My ears always perk up whenever there is an interesting story on the news involving pets. On occasion we hear stories of pets saving families’ lives in fires, a dog defending a victim of abuse, etc. Six years ago, I heard about a particular cat named Oscar living in an Alzheimer’s ward of a nursing home near the community where I grew up. What was special about Oscar was that despite his ornery personality, he had an uncanny ability to predict the impending death of a patient within hours of their passing, keeping vigil in their rooms and curling up with the patient until their last breath. Usually his presence in a room beyond a few minutes alerted the staff to start making phone calls; it was rare that he was wrong. The four-footed angel of death he was called. The furry grim reaper.
Alrighty then. Sounded interesting, but I was skeptical. Good report WJAR.
After hearing about Oscar, I didn’t have much reason to keep him in mind. I had moved out of state, didn’t have any relatives in a nursing home at the time, and honestly never considered the fact that our paths would actually cross.
I was chatting with my father one day when my grandmother came up in conversation; she is now 93 and suffers from dementia. Years had passed since I last saw her but I decided to tag along with my father for a visit. So off we went to Providence and arrived at Steere House.
We found her in the dining room after walking around the halls for a bit; I would have never recognized her. The woman I remembered who always had her red hair coiffed, nails done and full face of makeup was no more. The nails were still done and she still dressed well, but her mind was that of a child now - a child wondering when she would finally get to go home. It was a heartbreaking visit.
While sitting in the dining room together, a cat wandered through and found her way to my feet. She was a friendly little thing, and found a comfy place for a snooze inside my huge handbag I brought with me. I started putting two and two together.
“Dad, is this the cat that the news station did a report on awhile back?

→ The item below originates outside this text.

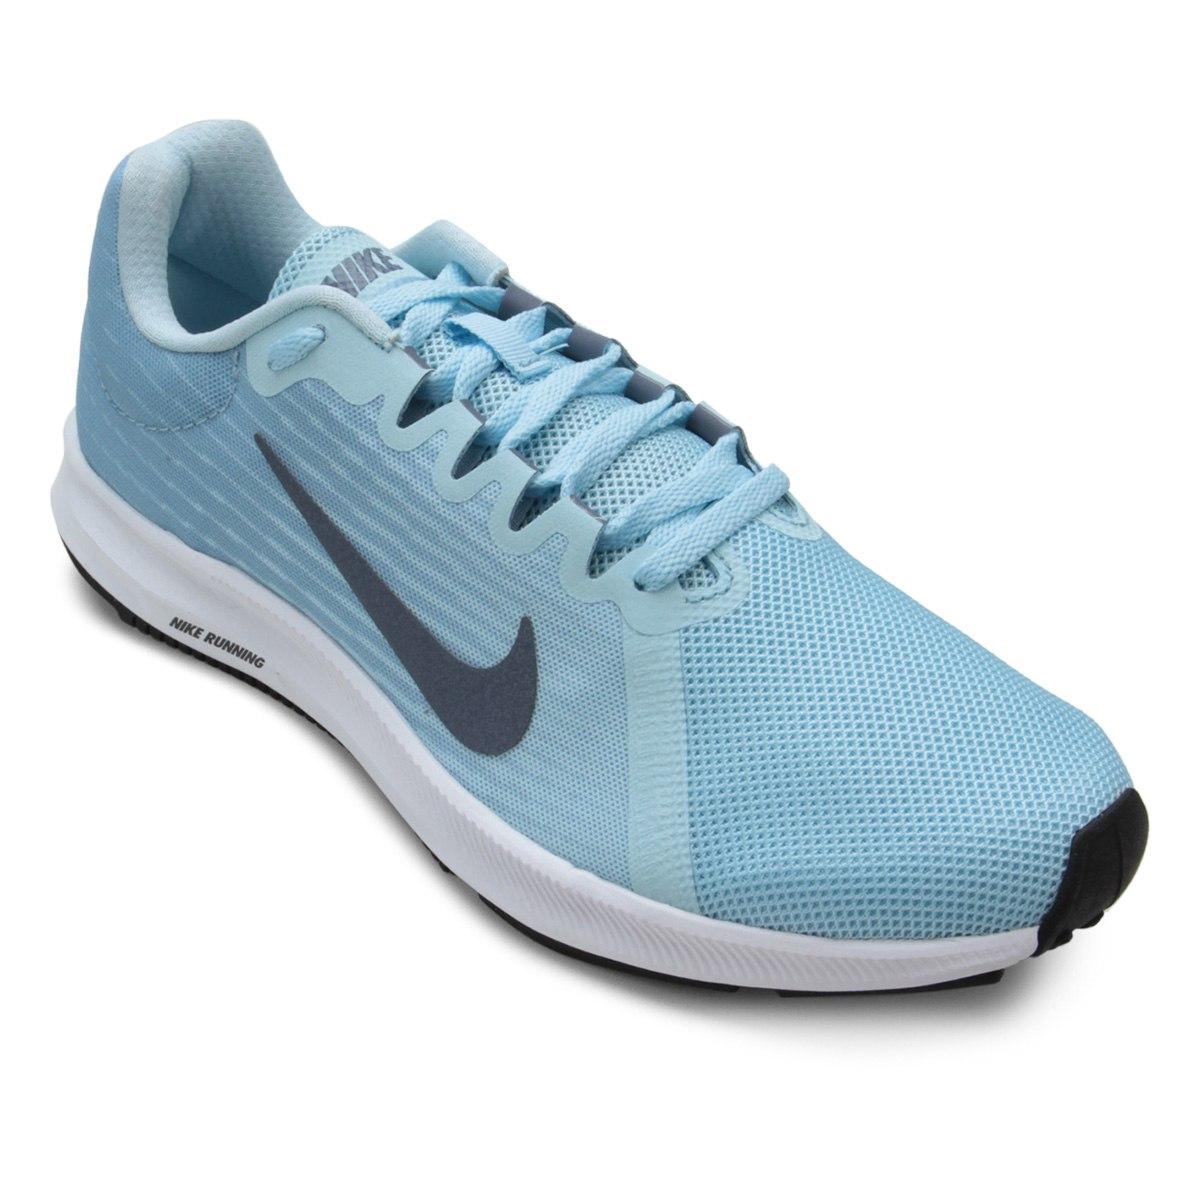 Tenis Nike Dowshifter 8 Cobalt Tint/ Lt Carbon/ Leche Blue/ WHT

The one that detects death?”
“No, that’s Oscar. He’s around here somewhere but he’s not the friendliest cat. This one here is Maya.”
I remembered now. Oscar. At Steere House. With my grandmother.
When it was time to leave, we exited the lunchroom and I noticed a picture of Oscar on the wall, MAKING ROUNDS WITH OSCAR. Dr. Dosa had written it, another former skeptic who works at Steere House. I found myself looking into rooms on the way down the hall to see if I could catch a glimpse of the furry guy. No such luck, I guess it was no one’s time that day.
Then we turned into the lobby. My father spotted him lying next to the baseboards on the floor.
I looked down and Oscar looked up. He is a fluffy white and brown tabby – a pretty big guy. I figured he would bolt away but he got up and walked over to me when I bent down. I extended my hand, and after a cautious inspection with some sniffs he let me pet him for a few seconds and scratch his chin. So much for ornery, but he got his fill pretty quickly and did let me take a few pictures of his handsome mug before continuing on his way. Last count of cases predicted by Oscar I was aware of was in the 60s, and I am sure the numbers are higher now. Oscar seems to provide a sense of comfort to families when they cannot be with their loved ones in their final moments… he has even received his own plaque hanging in the halls for “Compassionate Hospice Care”. Pretty impressive for a kitty.
I have no idea how long my grandmother will be with us. Her physical health is stable despite the fact her mind is going, but I have seen the sad reality of Alzheimer’s and Dementia in my family before. It is not pretty. When it is her time, I wonder if Oscar will “make his rounds” and accompany her in her final moments.